COLLECTED MATERIAL |
=== Begin Enclosure ===

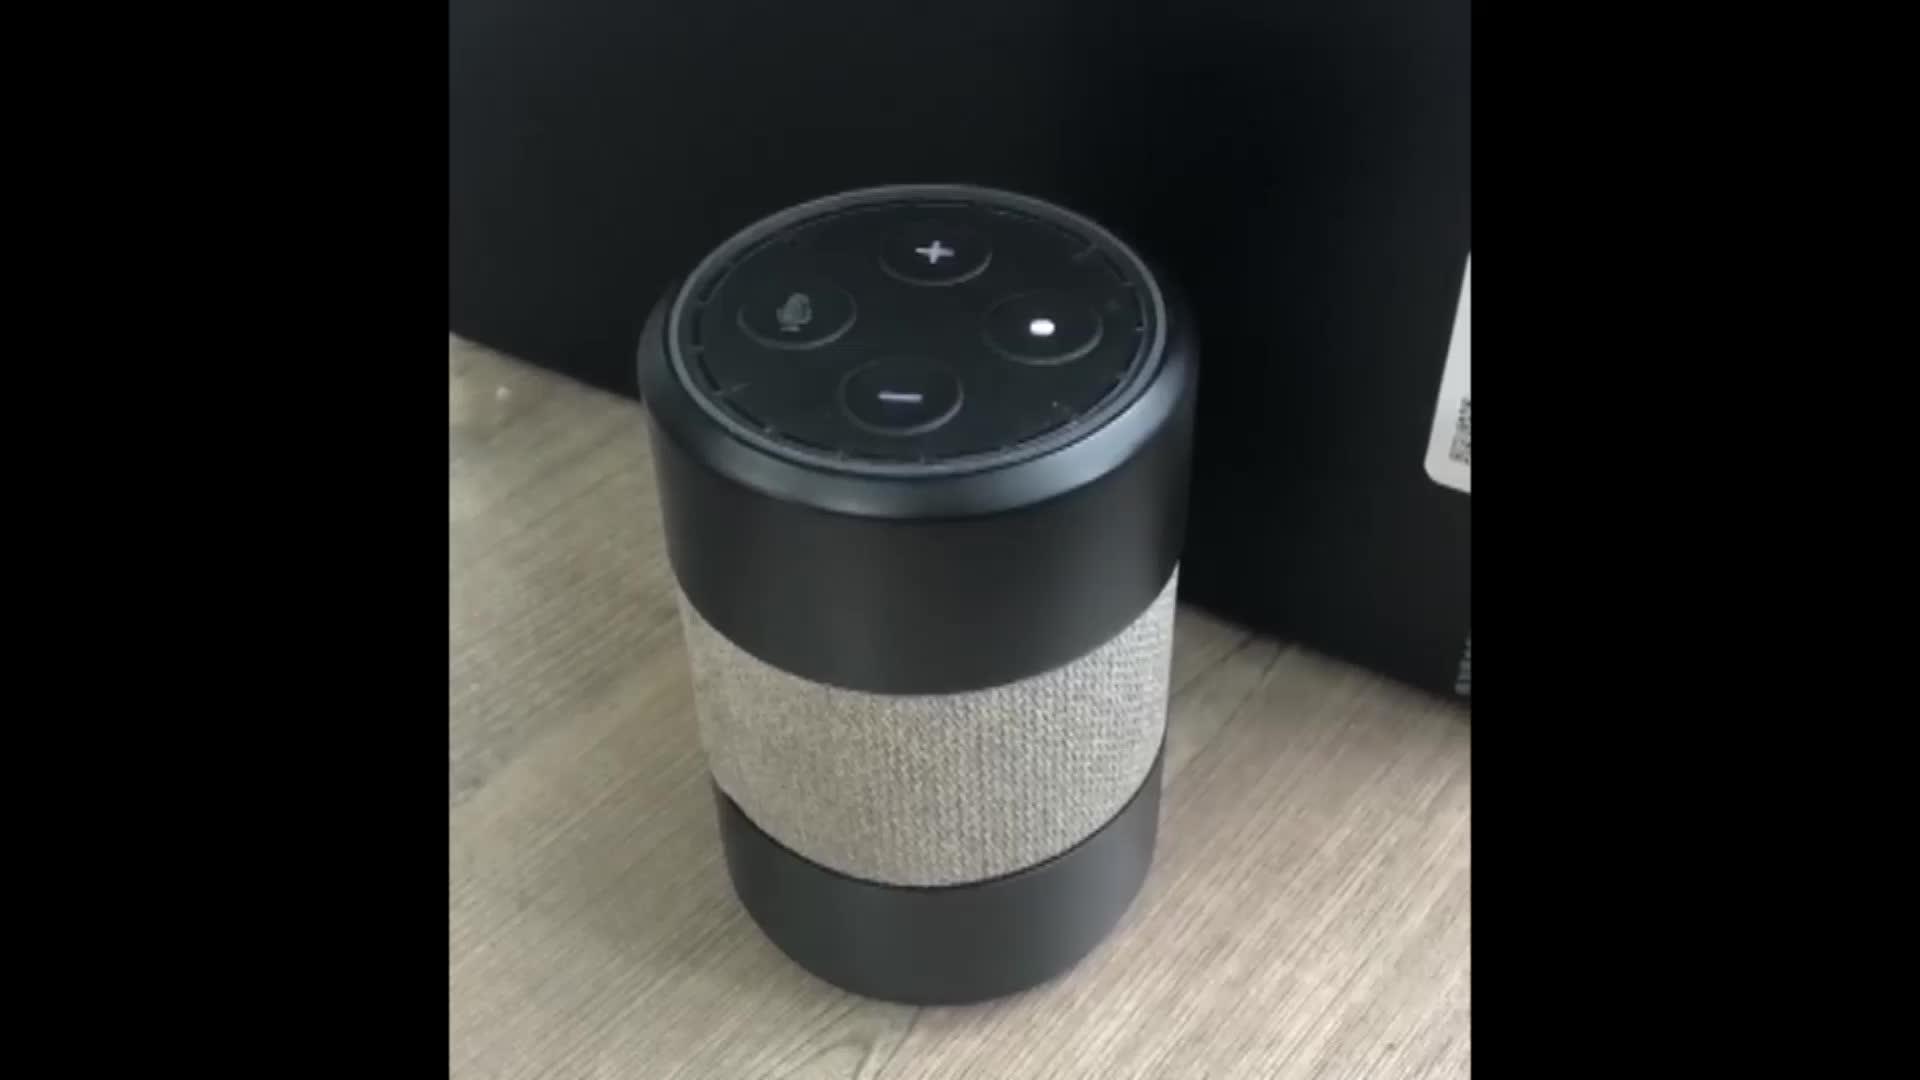 Altavoz inteligente alexa inalámbrico con subwoofer para exteriores, portátil, WiFi, AI, impermeable, con control de voz, estilo Eson
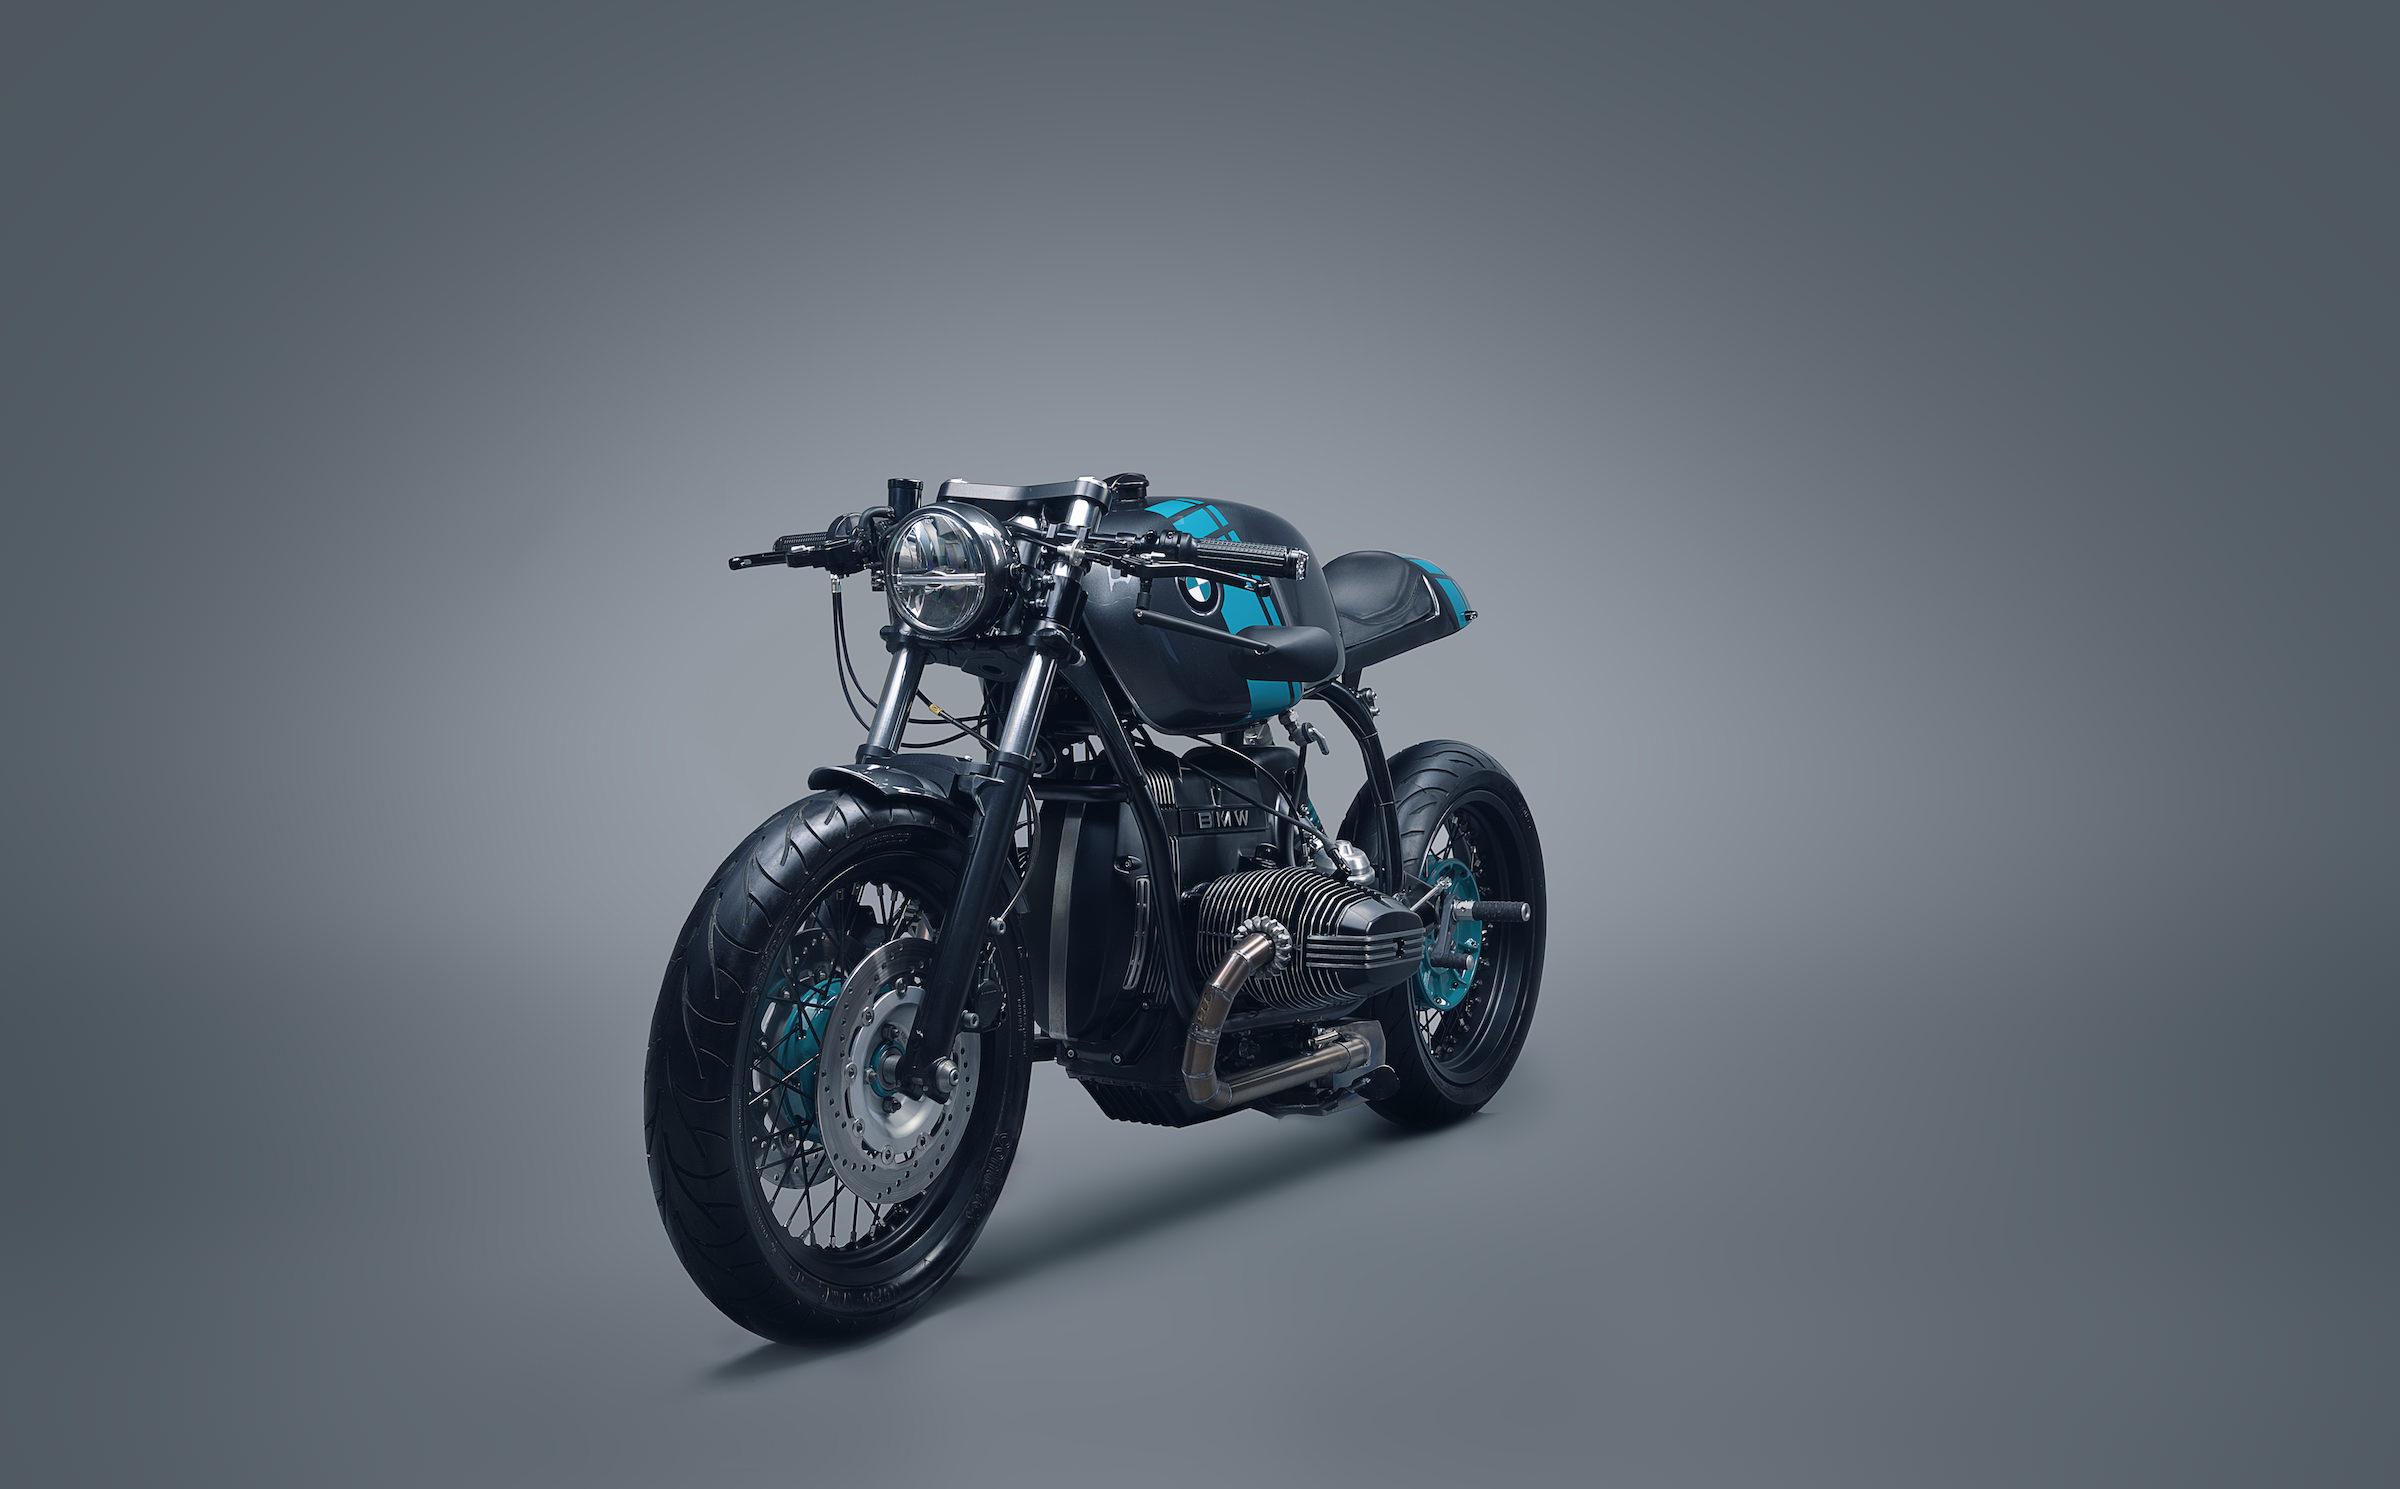 elemental custom cycles bmw r80 monolever cafe racer project 4. Black Bedroom Furniture Sets. Home Design Ideas
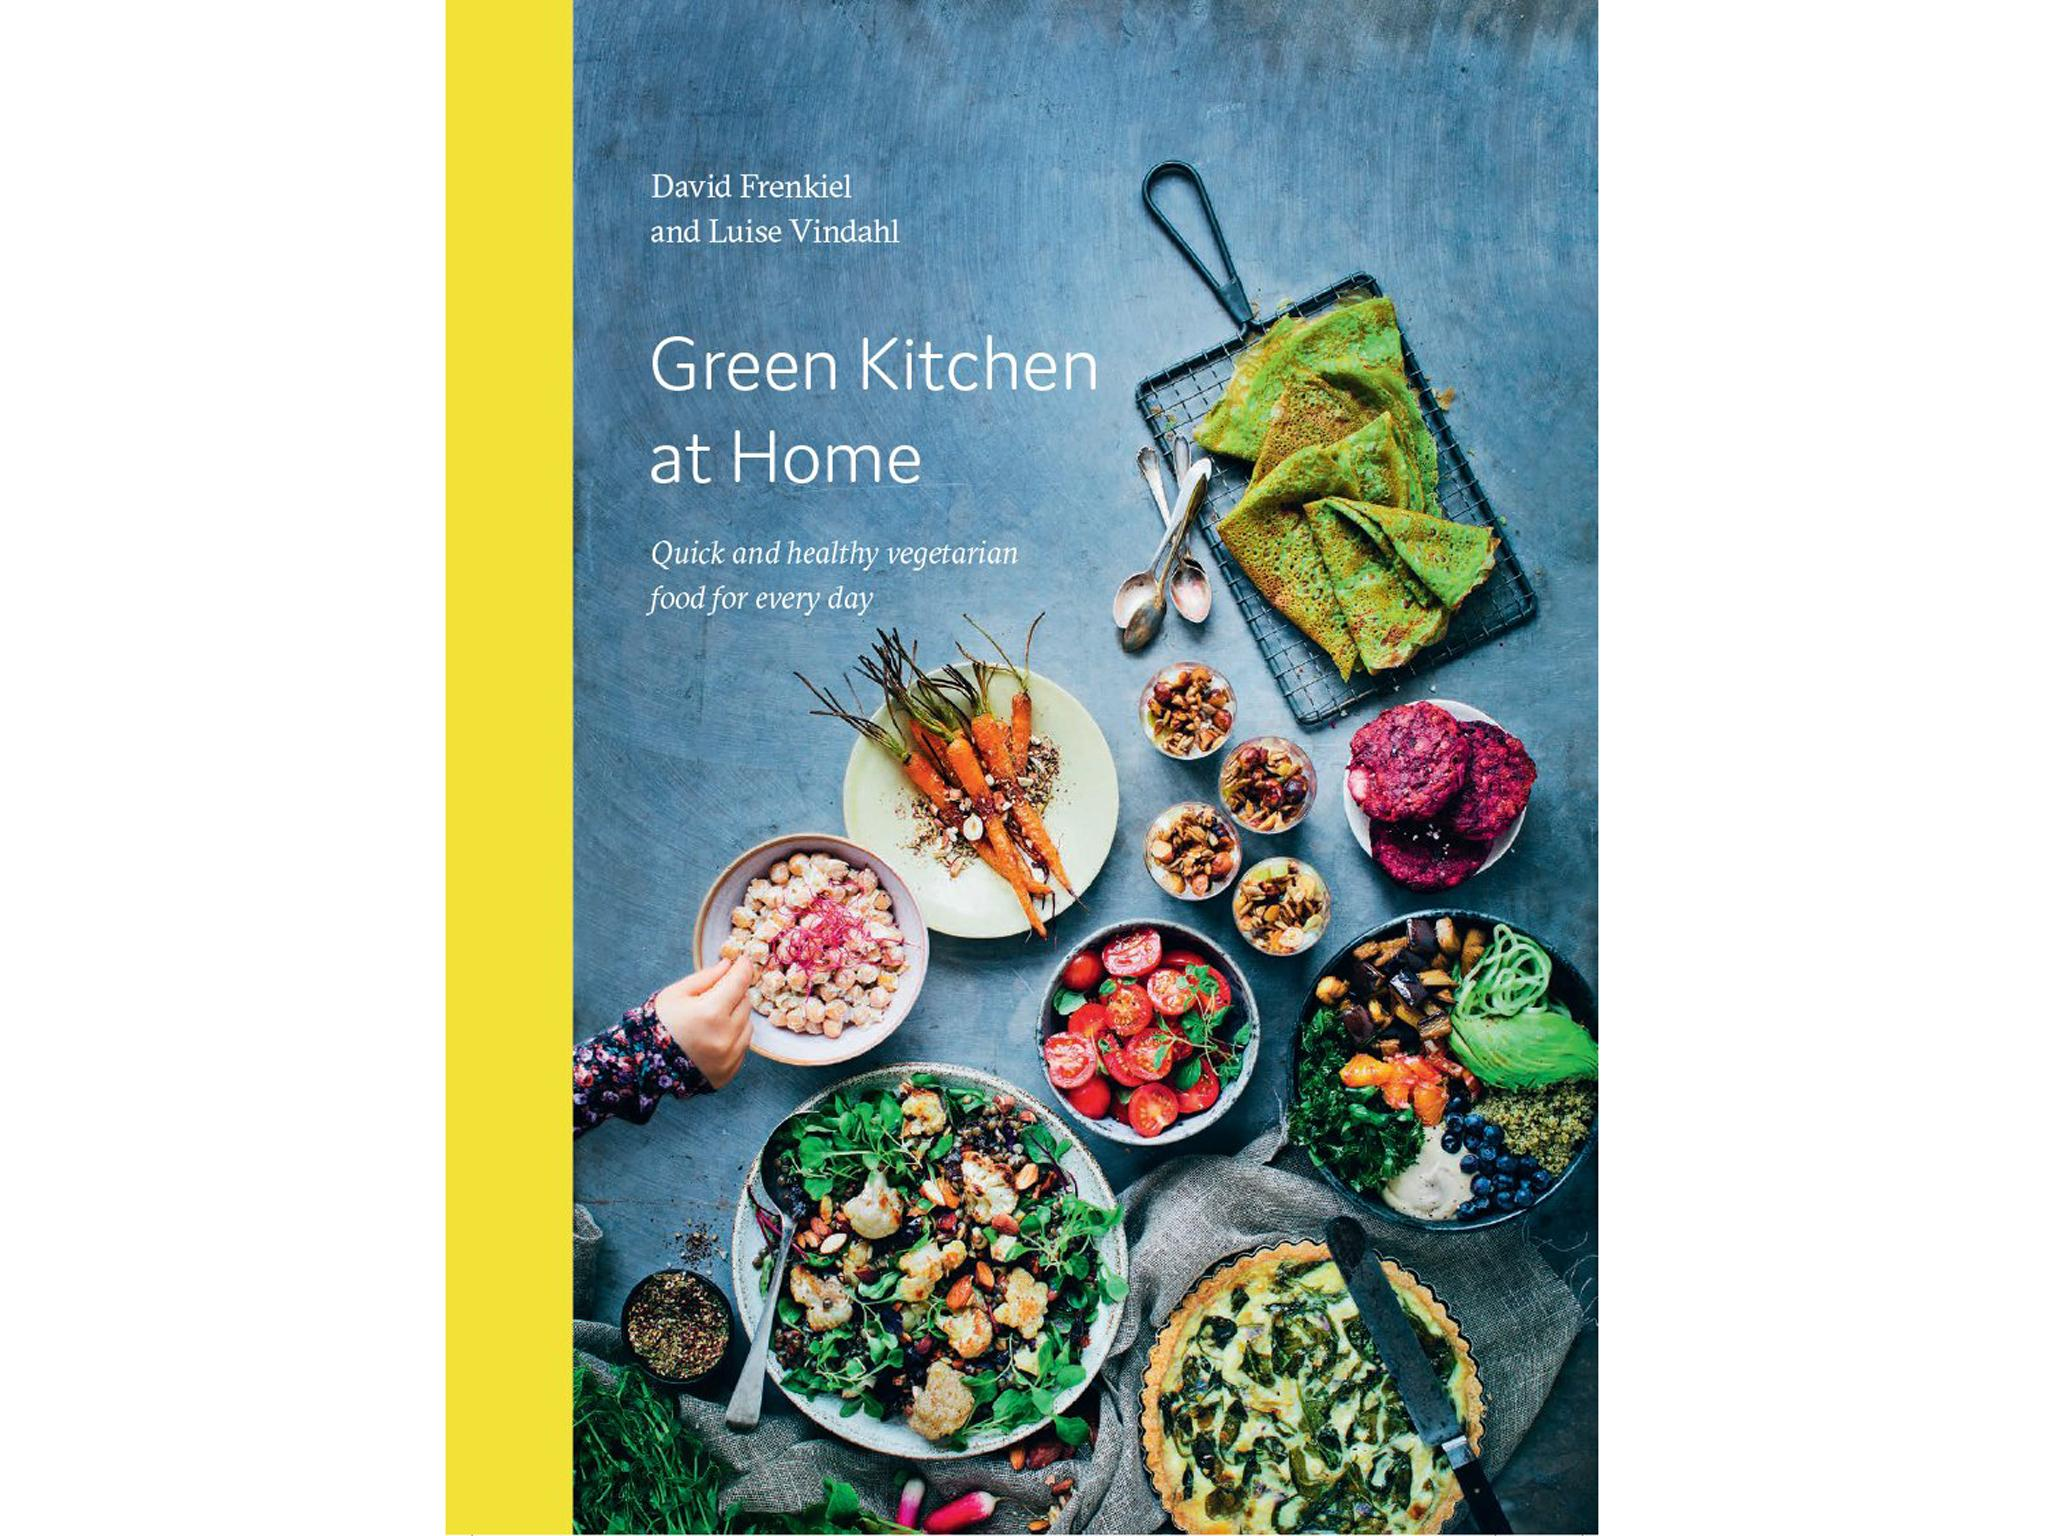 14 best vegetarian cookbooks | The Independent

=== End Enclosure ===

WHAT THE EXERCISE ASKS |
Could you copy the data above exactly, leaving the pictures out?

SOLUTION BELOW |
 Altavoz inteligente alexa inalámbrico con subwoofer para exteriores, portátil, WiFi, AI, impermeable, con control de voz, estilo Eson
 elemental custom cycles bmw r80 monolever cafe racer project 4. Black Bedroom Furniture Sets. Home Design Ideas
 14 best vegetarian cookbooks | The Independent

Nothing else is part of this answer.